Breadcrumb
Achievements
Publications and achievements submitted by our faculty, staff, and students.
Janelle Adsit
English
Janelle Adsit chaired a panel at the American Literary Translators Association (ALTA) conference on "Teaching Translation to Monolingual Students."
JoAnne Berke
Art + Film
JoAnne Berke just returned from a week long teacher training intensive in Beijing, China. She was invited by the America and China International Exchange Foundation to teach the US methods and the National Standards in Art Education to middle and high school teachers.
Michael S. Bruner, Brittany Stuckey
Communication
Michael S. Bruner, Professor, Communication, and Brittany N. Stuckey, 2014 CAHSS Research Fellow, published their article, "The World Will Little Note: Vice President Joe Biden's 2012 Speech at the Flight 93 National Memorial," in the Pennsylvania Communication Annual (Vol. 71, 2015). The article is dedicated to Richard Guadagno, former Refuge Manager at the Humboldt Bay National Wildlife Refuge, who died on Flight 93.
Heal McKnight
English
A piece of writing by Heal McKnight was selected as a Notable Essay by Robert Atwan, the editor of the Best American Essays series. The essay "Traffic" was originally published in PoemMemoirStory.
McKnight is a lecturer in English, where she teaches courses in composition.
Gil Cline
Music
Gil Cline, Professor (FERP) Music, was a performer on Renaissance cornetto in August for a week-long event in the Berkeley, California region, for many years a hot-spot in the Early Music Movement. Participants from around the country present a full-length concert of polychoral music from Venice and environs, using cornetti, recorders, sackbuts, shawms, and dulcians.

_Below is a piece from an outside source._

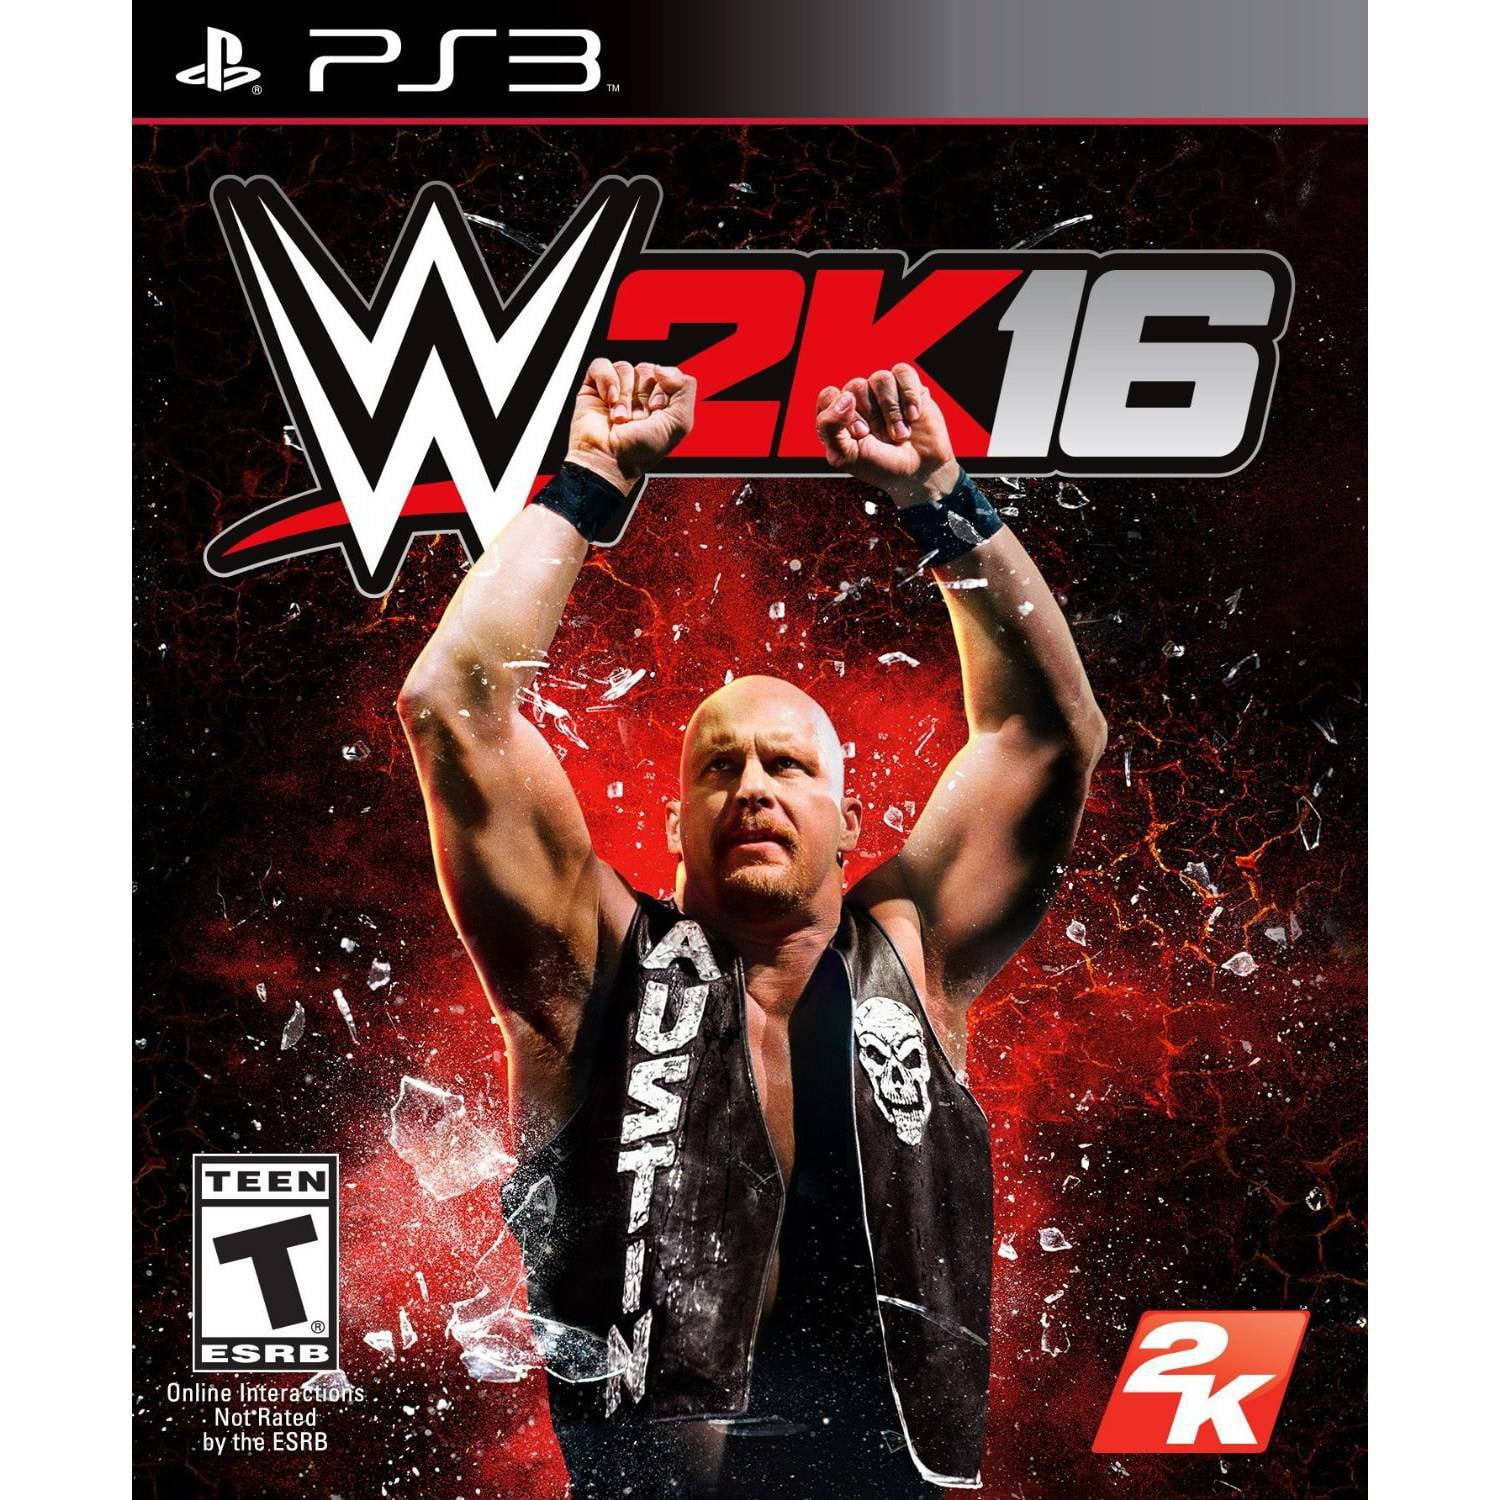 wwe 2k17 ps3 for sale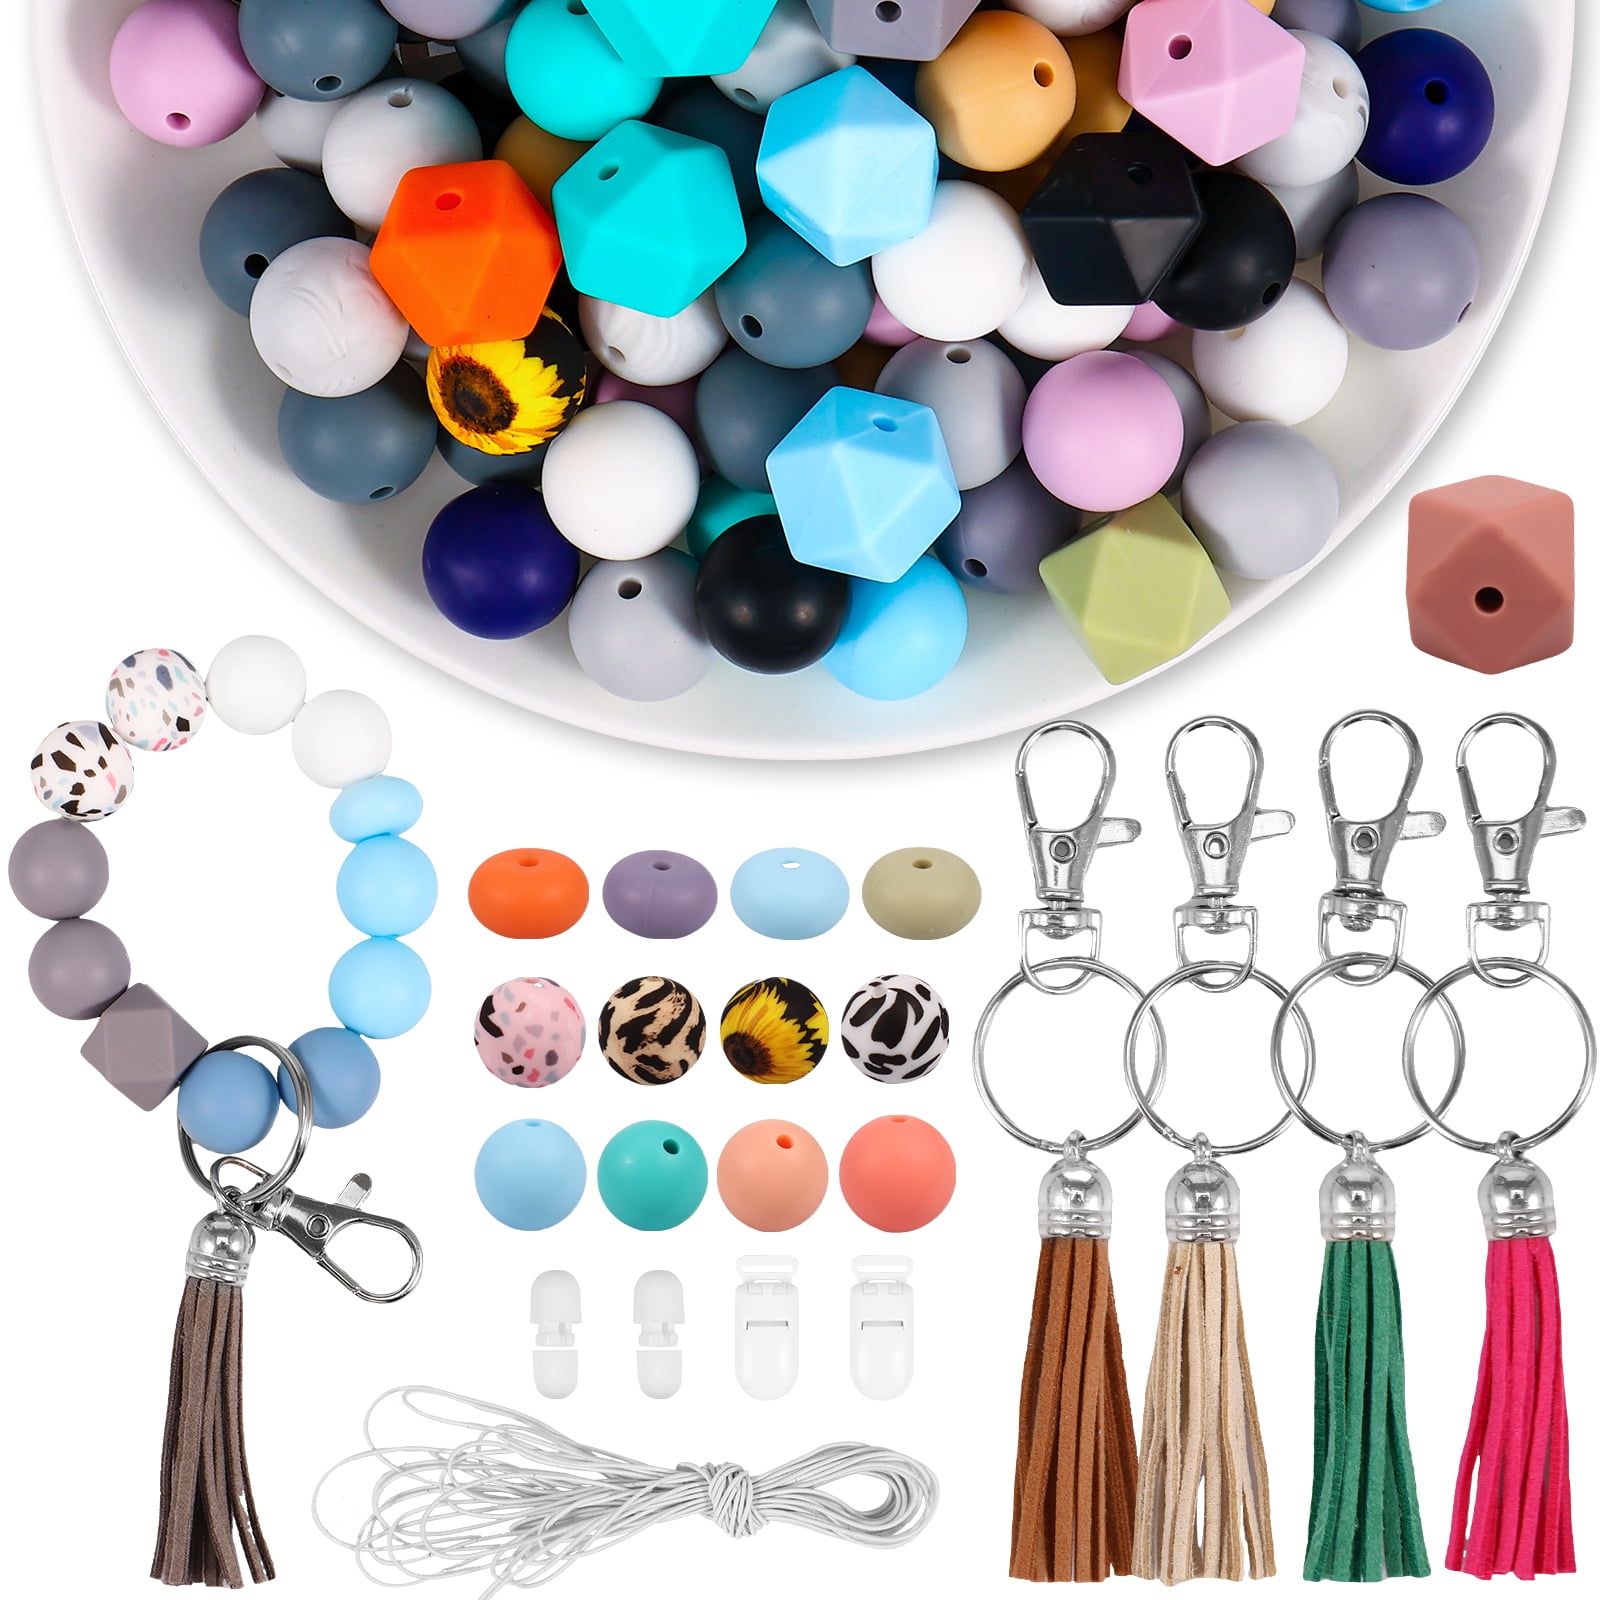 BOZUAN 120pcs Round Silicone Beads for Keychain Making Kit, Multiple Styles and Shapes Silicone Beads Bulk Rubber Beads for Keychains Making

He also was a participant for a Living History Day, September 26, at Alcatraz Island. Cline was "mustered into" a re-enactors Civil War-era band, "the 5th California Volunteer Regiment Infantry Band" out of the Sacramento area. The 14-piece all-brass band performed nothing but historic brass publications from 1855-1875 and used all-historic instruments of the 1860s, with Cline performing on an historic soprano E-flat cornet brought to California in the 1950s from Michigan by former Music Department Chair David Smith.
Michael Donovan and Brian Post
Music
HSU Music student Michael Donovan has been selected as the John W. DeLodder – Humboldt State University Student Composers Competition winner for Spring 2015. At the composers Recital on November 6, Mr. Donovan will be awarded $1,000 for his winning composition titled, “The Dignified Lonely Person.” The piece is an eight-minute song cycle written for voice and piano, based on poetry by the composer and HSU alumna Marlena Kellogg. Mr. Donovan, a student at HSU, plays the violin and has been actively studying composition for the last two years.
The award will be presented by Mr. DeLodder at the HSU Composers Recital, on Friday, November 6 at 8:00 pm. in Fulkerson Recital Hall.
Robert Cliver
History
Robert Cliver, Professor of History, published an article, "Surviving Socialism: Private Industry and the Transition to Socialism in China, 1945-1958," in the online September issue of "Cross Currents: East Asian History and Culture Review." The article will appear in the print edition in November.
Dan Pambianco
Journalism & Mass Communication
Dan Pambianco gave two presentations on Oct. 22 as part of the Bob Frederick Sport Leadership Lecture Series hosted by Lewis-Clark State College in Lewiston, Idaho.
Pambianco's morning lecture was titled "Sports Crisis Management," and in the afternoon he presented "Sports Communication: Mentoring the Next Generation."
Armeda Reitzel
Communication
Dr. Armeda Reitzel gave a paper presentation on “The Evolution of Neckwear: How a Piece of Cloth Speaks Volumes” at the 2015 Midwest Popular Culture Association Conference in Cincinnati on Oct. 3, 2015.
She also presented a co-authored paper with two of her Communication students, Diana Casteel and Kristine Cella, at the same conference on Oct. 2,2015. The title of that research paper was “Adventure vs. Domesticity: How Children’s Toys Promote Gender Roles.”
Paul Cummings
Music
Paul Cummings, Associate Professor of Music, had an article accepted for publication by the "Musical Quarterly," one of the premiere musicology journals published in the US. The 49-page article tells the story of the 1877 London Wagner Festival in which the Austro-Hungarian conductor Hans Richter made his debut in England. Publication is planned for spring, 2016.